• **YOUR GOAL**
Give back the exact lines of the material below from the one containing "Music Of Final" through the one containing "Neue Justiz (NJ), Zeitschrift", and no pictures.

• **RAW DATA**
====================
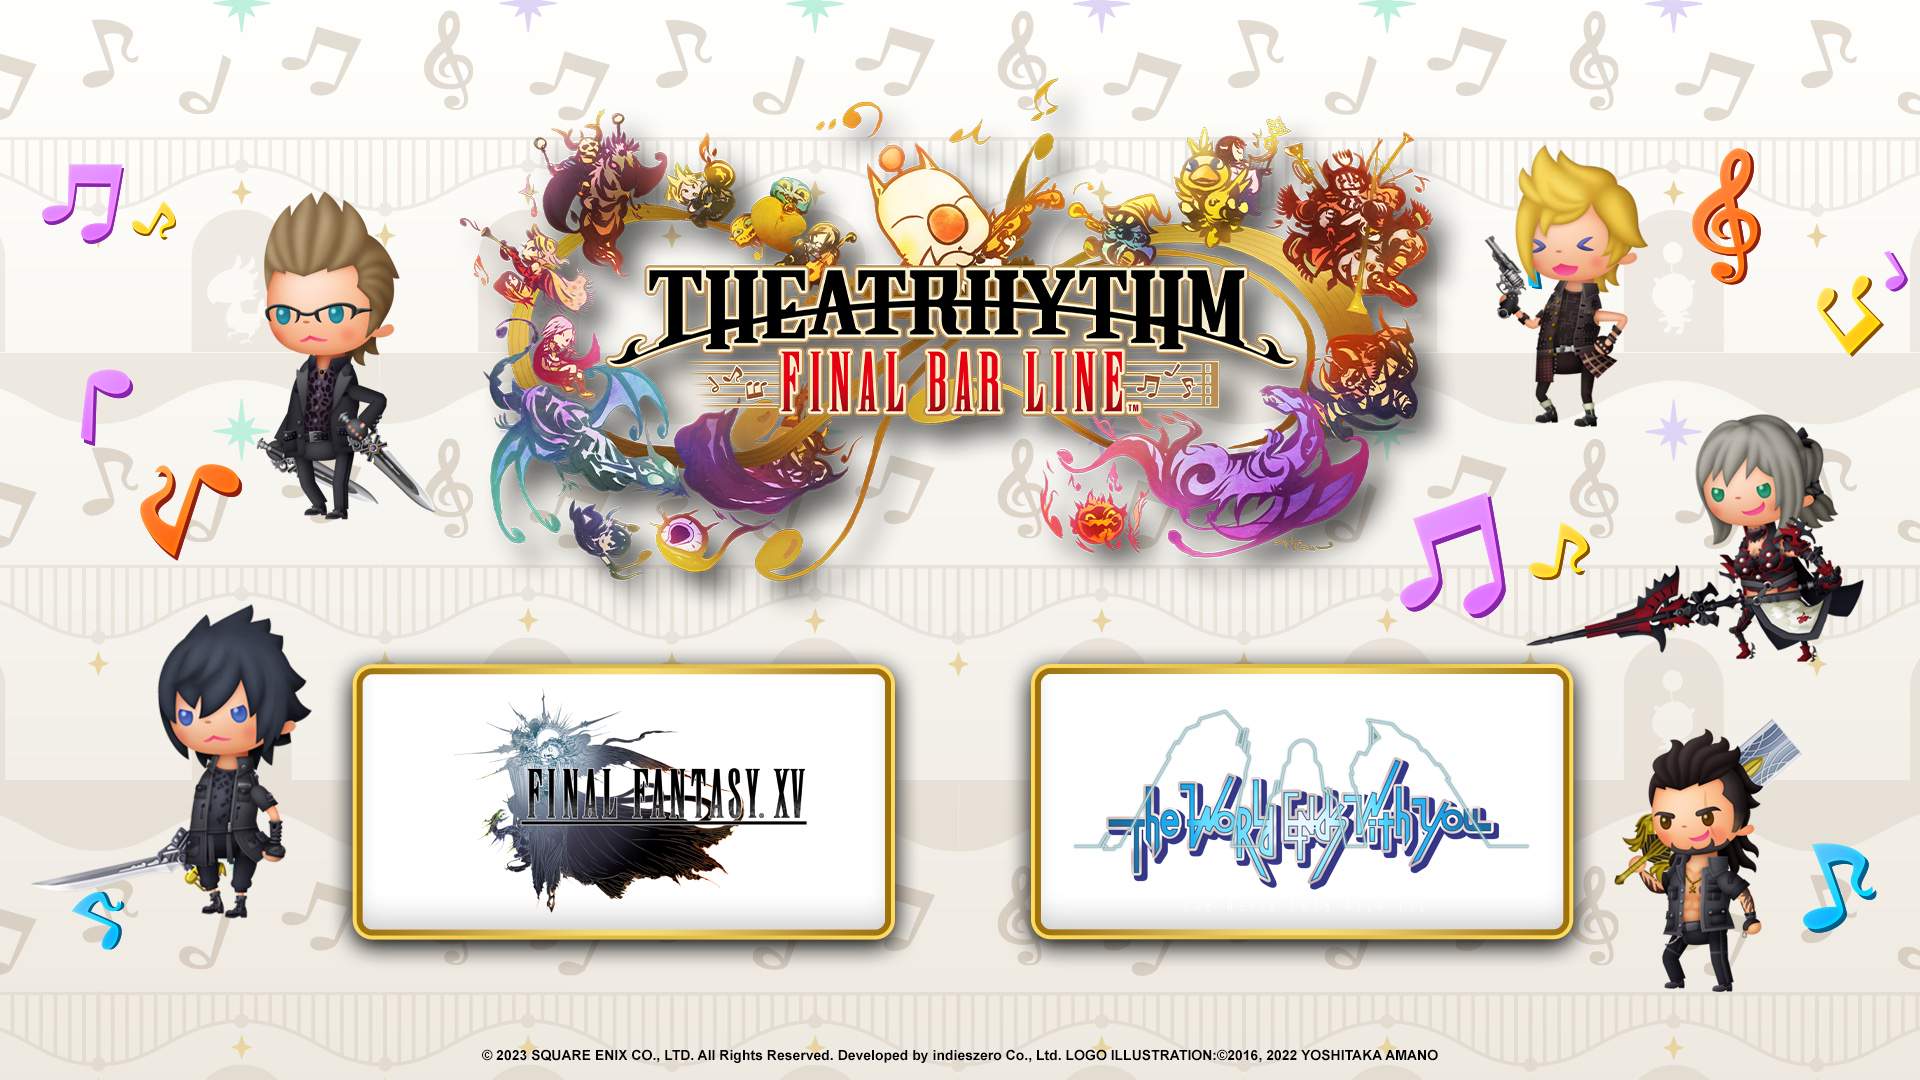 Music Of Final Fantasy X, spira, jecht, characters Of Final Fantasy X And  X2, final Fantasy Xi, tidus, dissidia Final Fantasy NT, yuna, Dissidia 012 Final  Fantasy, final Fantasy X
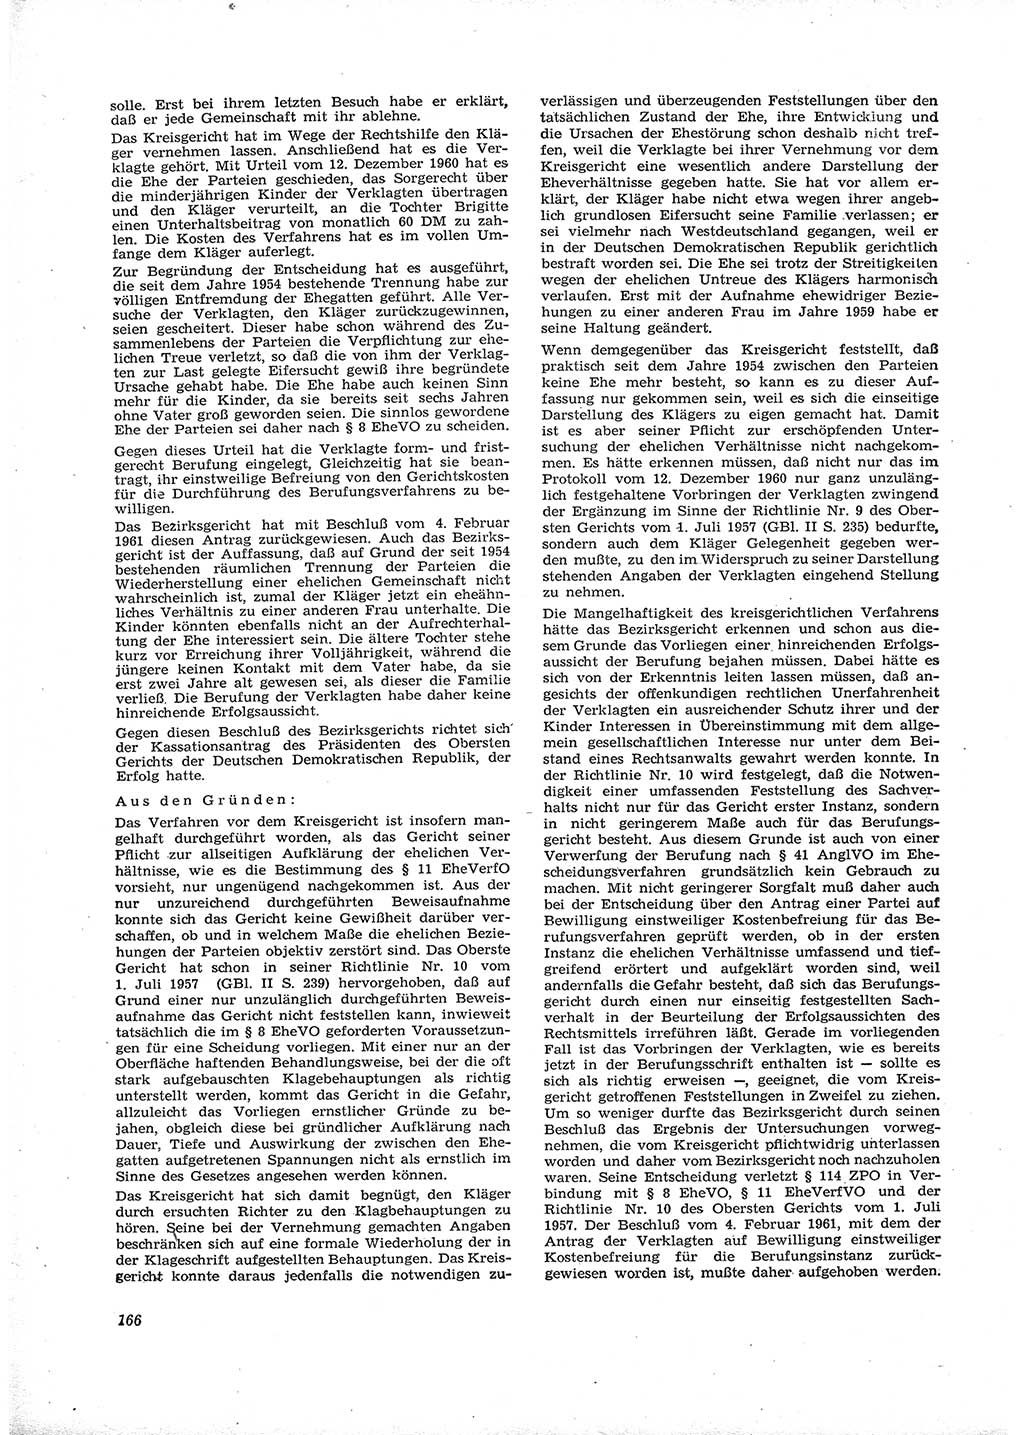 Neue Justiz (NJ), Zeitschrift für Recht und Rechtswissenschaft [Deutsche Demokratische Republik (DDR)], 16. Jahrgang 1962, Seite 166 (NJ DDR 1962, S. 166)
====================
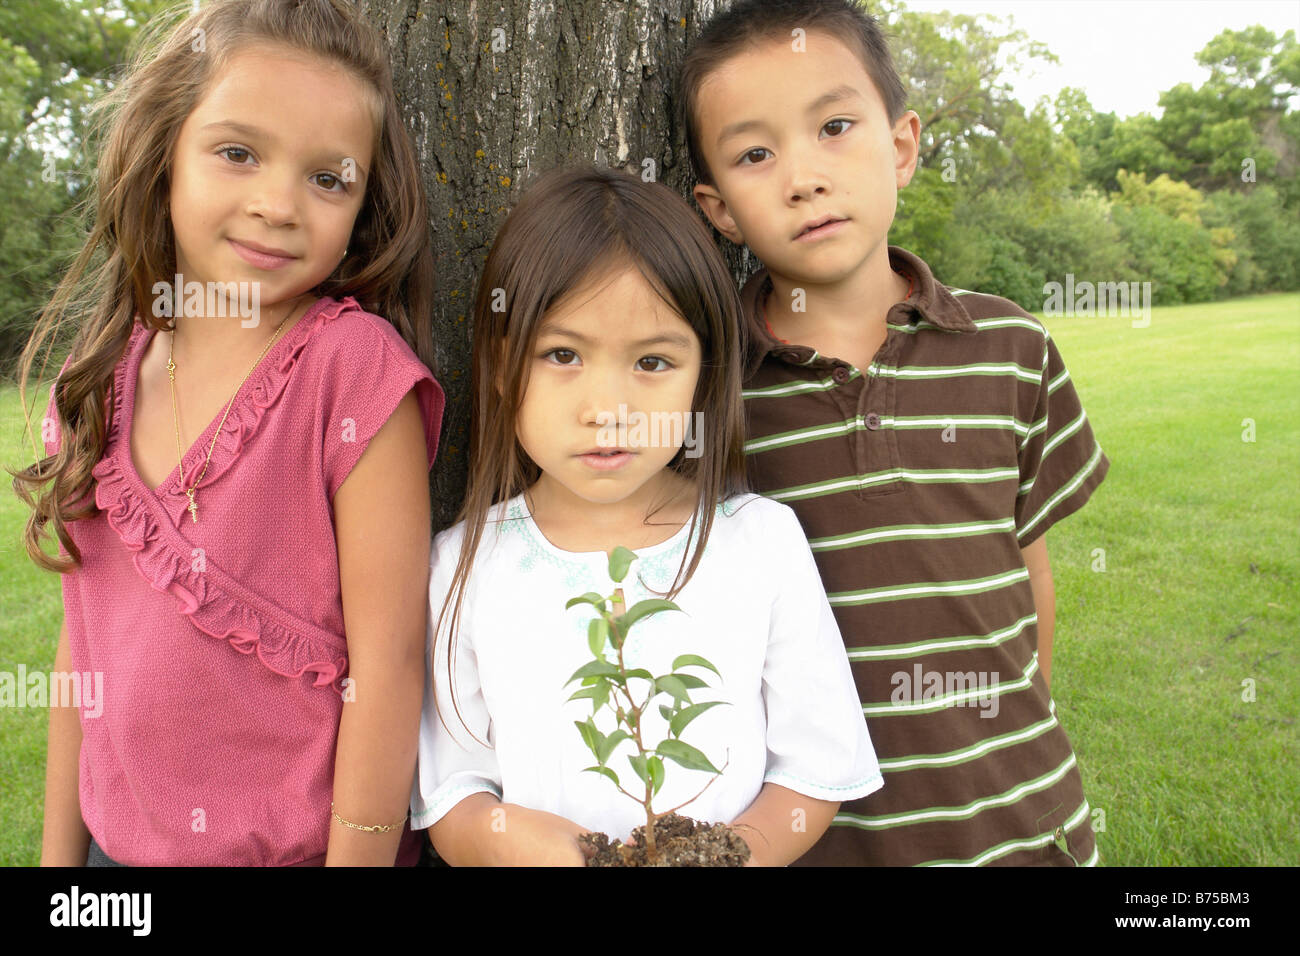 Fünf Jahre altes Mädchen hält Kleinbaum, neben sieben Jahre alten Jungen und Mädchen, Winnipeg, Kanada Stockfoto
====================
• **SOLUTION FOR THIS TASK**
 Music Of Final Fantasy X, spira, jecht, characters Of Final Fantasy X And  X2, final Fantasy Xi, tidus, dissidia Final Fantasy NT, yuna, Dissidia 012 Final  Fantasy, final Fantasy X
 Neue Justiz (NJ), Zeitschrift für Recht und Rechtswissenschaft [Deutsche Demokratische Republik (DDR)], 16. Jahrgang 1962, Seite 166 (NJ DDR 1962, S. 166)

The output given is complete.